Jonathan Broadbery, the director of policy at NDNA, said that nursery providers were “very conscious” of what a rise in nursery fees would mean, not just for parents but for the development of the children in their care, too.
“Every nursery works to the early years foundation stage, and are providing educational opportunities and focusing on child development. Especially for disadvantaged children, being in early education is one of the most important things you can do to close the gap. Lower-income parents will be forced to withdraw their children, who have the most to gain from not being a year behind their peers when they start school.”
Joeli Brearley, the chief executive and founder of the campaign Pregnant Then Screwed, said thousands of mothers were already struggling to get back to work because of childcare costs and availability of places – and thousands more could be pushed into the red if fees rose.

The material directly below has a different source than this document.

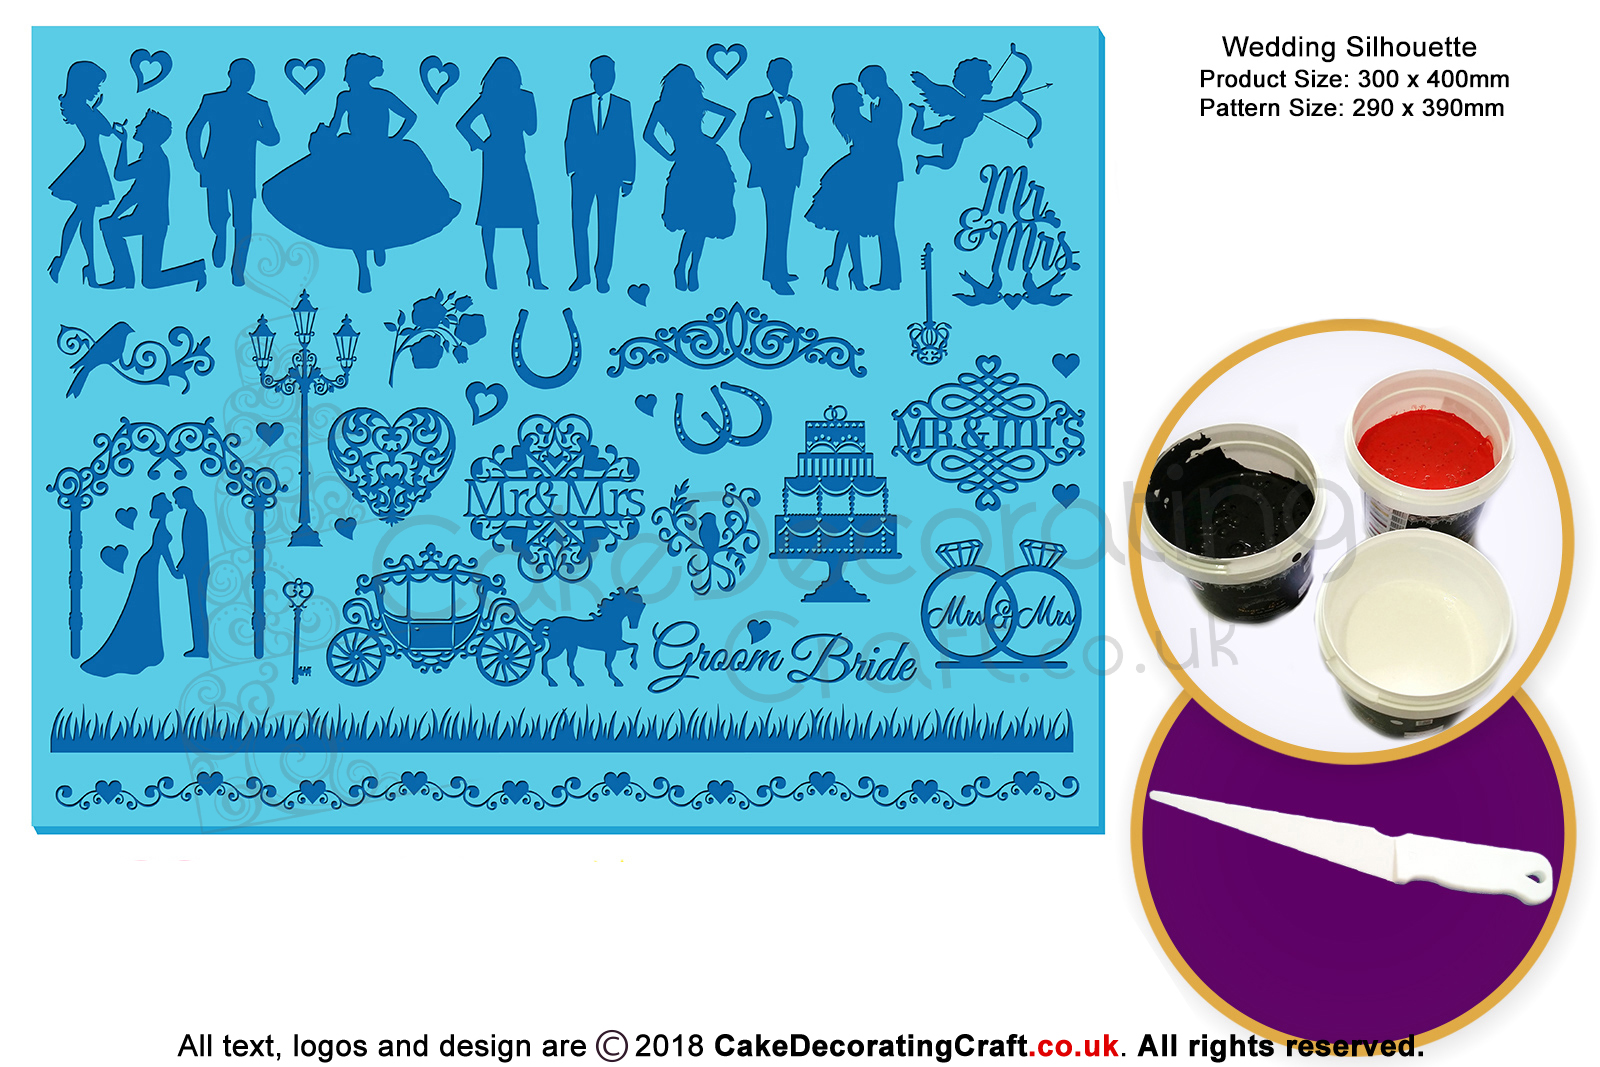 Wedding Bells | Silhouette Cake Design Starter Kits | Cupcake Cookies Cake Decorating Craft Tool

“With costs due to rise, and even more childcare facilities set to close their doors, we are heading for a crisis among families with young children,” she said.
“The government’s lack of investment in this sector is forcing parents, mainly mothers, out of work and into poverty.”
Dr Mary-Ann Stephenson, the director of the Women’s Budget Group, said that single parents – the majority of whom are women – would be most affected by any further rises in childcare costs.
“We’ve heard plenty in recent weeks about how to get parents off benefits and into work, but very little about why that is so hard to do,” she added. “In its current form, parents on universal credit need to come up with hundreds of pounds in childcare fees before they’ve even gone out to work and earned a penny. A really simple thing that the government could do right now would be to start paying the childcare element of universal credit upfront instead of in arrears.”
Neil Leitch, the chief executive of the Early Years Alliance, believes that parents and providers both deserve more.
“We would urge the government to support early years settings to meet the rising cost of operating, to ensure that settings remain financially viable and that vital early education and care remains affordable and accessible for the children and parents that need it,” he said.
A government spokesperson said: “The early years of a child’s life are the most crucial, which is why we have invested more than £3.5bn in each of the last three years to deliver the free childcare offers, including the 30 hours a week for working parents. We are also investing millions in family hubs – where families can access important support services.
“To support working families more widely, we also recently announced the biggest ever increase in the national living wage since its introduction from April 2022 and thanks to the action we’ve taken, unemployment continues to fall with more employees on payrolls than ever before.”